The down side is that I am rather disappointed in the covers of some of the newer printings. The bindings seem durable and tight but the leather in some printings is almost cardboard like in my opinion. My eldest son carries one in a bible cover and has not had any issues with the faux leather (bonded.) At the price they are selling at, I am half tempted to purchase a new one and have it rebound by one of the binders recommended on the board here.


----------



## Constantlyreforming

IN ALL SERIOUSNESS, If you look around, you can find an ORIGINAL for a steal....I'd do that if I were you. IF they are original and were rebound professionally, it *may* last much longer than any version you find that was a reprint. Take a look around. My dad just picked one up as well. It's nice to have something that could have been brought over with the Puritans on the Mayflower....




























---------- Post added at 09:22 AM ---------- Previous post was at 09:18 AM ----------

A few comments....

The Geneva Bible was the first Bible to have study notes in it. It is also the very first Bible to have chapter and verse numbers to aid the reader in study. It was the Bible used by William Shakespeare, Oliver Cromwell, John Knox, and John Bunyan....


----------



## Phil D.

Just a slight historical correction...

The 1560 Geneva was the first _English_ Bible to include chapter and verse enumerations. However, it followed the chapter divisions originated by Cardinal Stephen Langton, which appeared in his 1205 edition of the Latin Vulgate. A Jewish Rabbi simply known as Nathan devised the basic verse system for the OT still used today, in 1448, which was later adopted, with a few minor revisions, in Robert Stephanus' Hebrew Bible of 1557. Stephanus was also responsible for the verse divisions still used in modern NTs, which were part of the 4th edition of his Greek/Latin NT, which was published in Geneva in 1551.

Here is a page from Stephanus' (aka Robert Estienne) 1551 NT.
http://smu.edu/bridwell_tools/publications/ryriecatalog/xi_3c.htm


----------



## Jake

@Constantlyreforming: That certainly looks like a nice volume, but I would feel bad about using it and including my own notes in it!


----------



## toddpedlar

Constantlyreforming said:


> IN ALL SERIOUSNESS, If you look around, you can find an ORIGINAL for a steal....I'd do that if I were you. IF they are original and were rebound professionally, it *may* last much longer than any version you find that was a reprint. Take a look around. My dad just picked one up as well.
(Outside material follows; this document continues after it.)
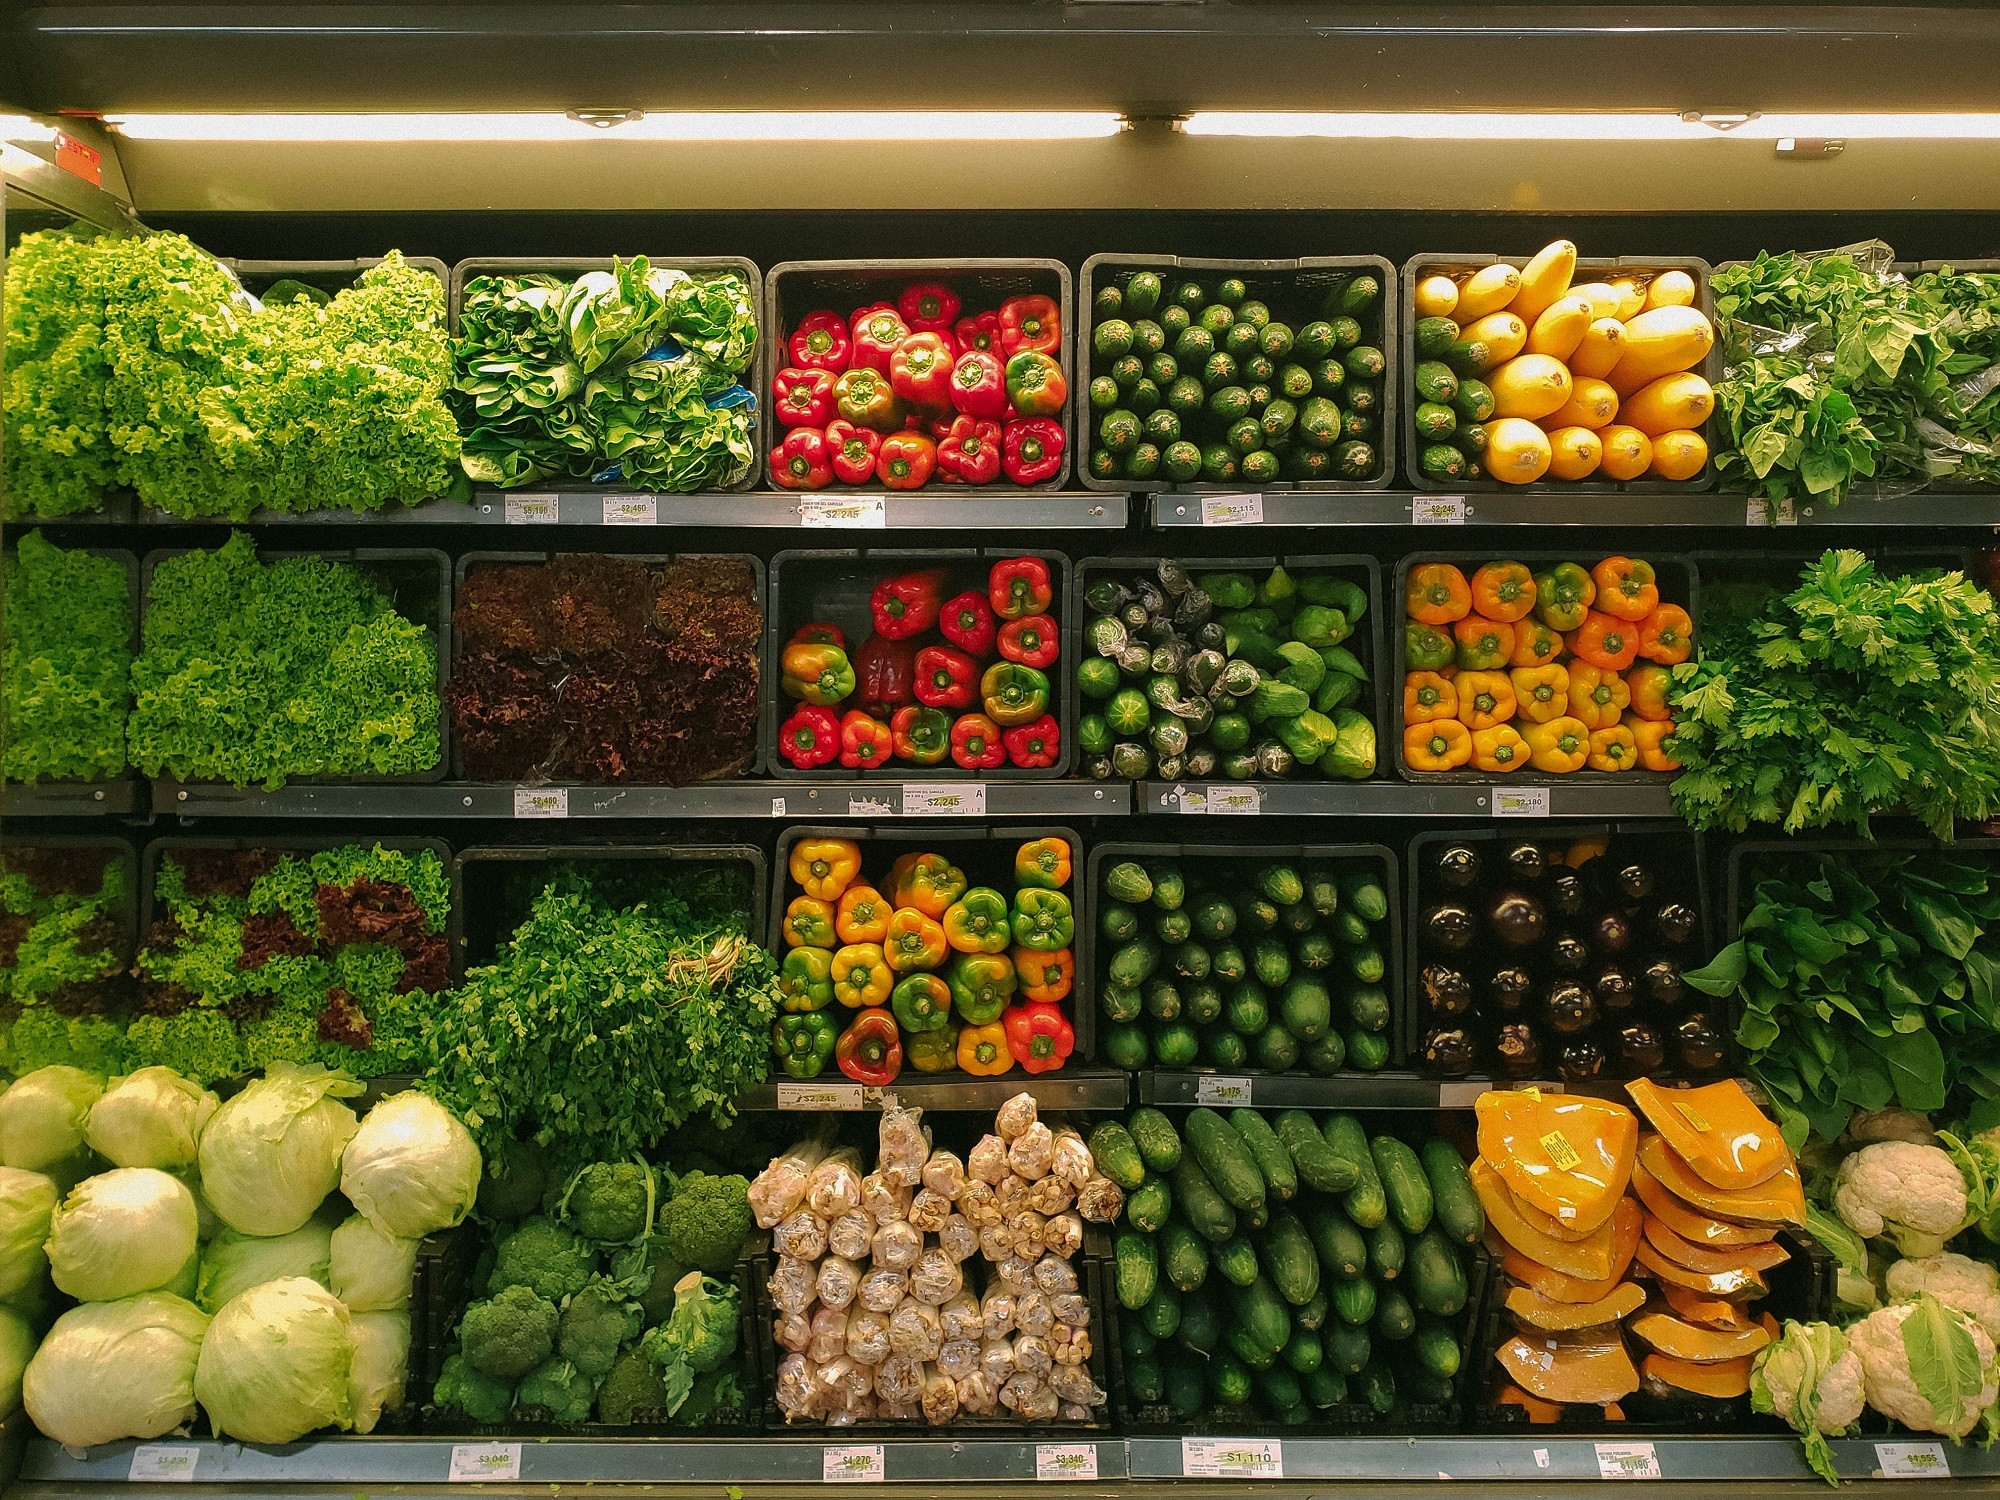 las verduras también pasan los controles sanitarios de los alimentos

It's nice to have something that could have been brought over with the Puritans on the Mayflower....



"Look around" meaning what? Can you give some examples? Also, what's "a steal"? $500? $1000? The best price right now on ebay for a complete geneva bible, original printing, is $2900... Frankly, I don't think I've ever seen even a single leaf of a 1500's original printing of the Geneva Bible go for under $25 on ebay, let alone a full copy...


----------



## glazer1972

Christianbook.com: The Geneva Bible: 1560 Edition, hardcover The Bible of the Protestant Reformation: 9781598562125 plus Home Page of Leonard's Book Restoration Station | Leonard's Books


----------



## nicnap

jogri17 said:


> It's the cool hip thing to do if your new to the Reformed faith. I went through my Geneva Bible phase also at one point.
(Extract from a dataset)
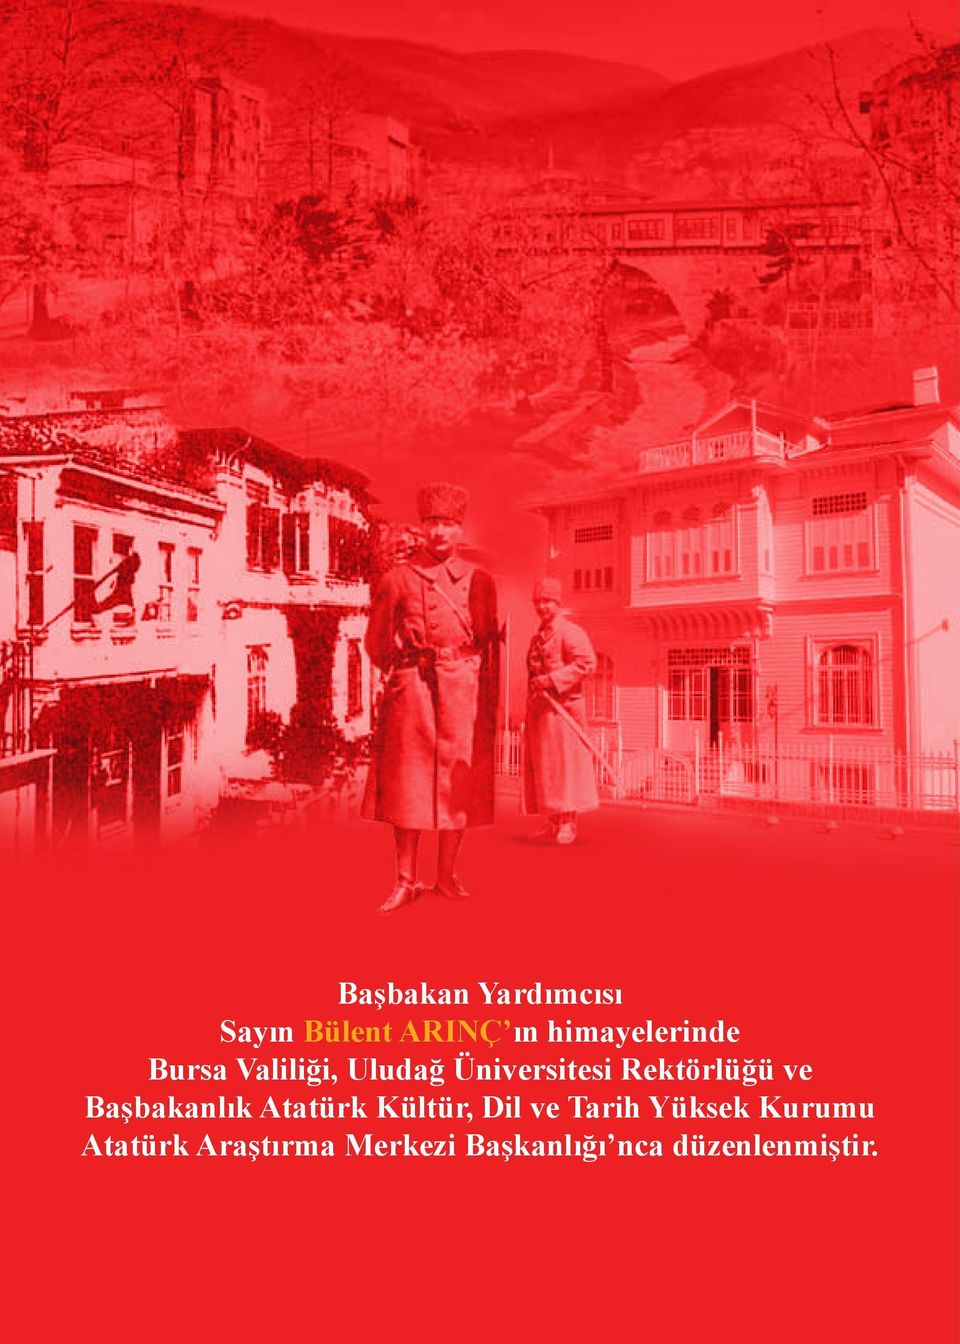 Rektörlüğü ve Başbakanlık Atatürk Kültür,

Going a bit out of the way to sound uncharitable are we? You do not know the motivations behind this, nor can you impute your former motivations on someone else.


----------



## Jeff Burns

toddpedlar said:


> Constantlyreforming said:
> 
> 
> 
> IN ALL SERIOUSNESS, If you look around, you can find an ORIGINAL for a steal....I'd do that if I were you. IF they are original and were rebound professionally, it *may* last much longer than any version you find that was a reprint. Take a look around. My dad just picked one up as well. It's nice to have something that could have been brought over with the Puritans on the Mayflower....
> 
> 
> 
> 
> "Look around" meaning what? Can you give some examples? Also, what's "a steal"? $500? $1000? The best price right now on ebay for a complete geneva bible, original printing, is $2900... Frankly, I don't think I've ever seen even a single leaf of a 1500's original printing of the Geneva Bible go for under $25 on ebay, let alone a full copy...
Click to expand...


I just found a really nice first edition 1560 GB for 850.00! Wait... I forgot a few zeros. I meant 85,000.00! 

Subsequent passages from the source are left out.